The new credit line features Deutsche Bank AG (NYSE:DB), New York branch, as the senior lender, marking a fresh lending relationship for Oportun. Jefferies acts as the mezzanine lender, continuing its established lending relationship with the company. This strategic financial move is aimed at bolstering Oportun's growth trajectory in the years to come.
Jonathan Coblentz, Chief Financial Officer of Oportun, commented on the closing of the facility, highlighting the importance of the support from both Deutsche Bank and Jefferies in the company's expansion efforts. He emphasized that the new facility underscores Oportun's capability to attract new investment while maintaining strong ties with long-term investors.
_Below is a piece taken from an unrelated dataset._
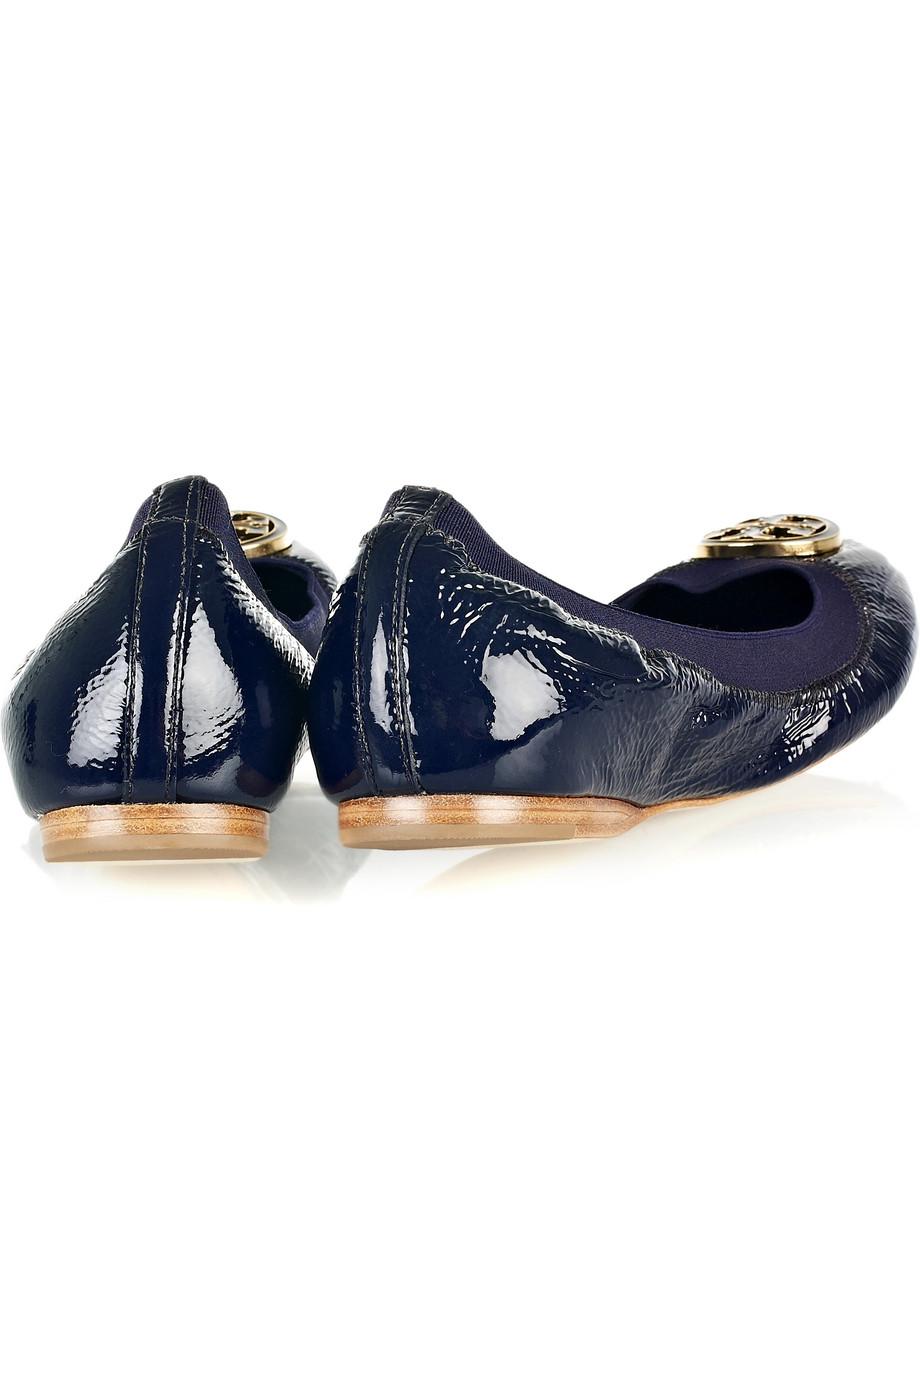 Tory Burch Caroline Patent Leather Ballerina Flats In Blue

Oportun, known for its commitment to providing responsible and affordable credit, has a diverse capital sourcing strategy that includes warehouse facilities, asset-backed securitizations, corporate-level debt, and whole loan sales. The company has a track record of offering over $18.2 billion in credit, which has translated into significant savings for its members in terms of interest and fees.
Legal counsel for the transaction was provided by Orrick, Herrington & Sutcliffe LLP. Oportun continues to focus on its mission to offer intelligent borrowing, savings, and budgeting tools to its members, aiming to improve their financial well-being.
Deutsche Bank (NYSE:DB) and Jefferies (NYSE:JEF), the involved financial institutions, are well-established entities providing a wide range of banking and investment services globally.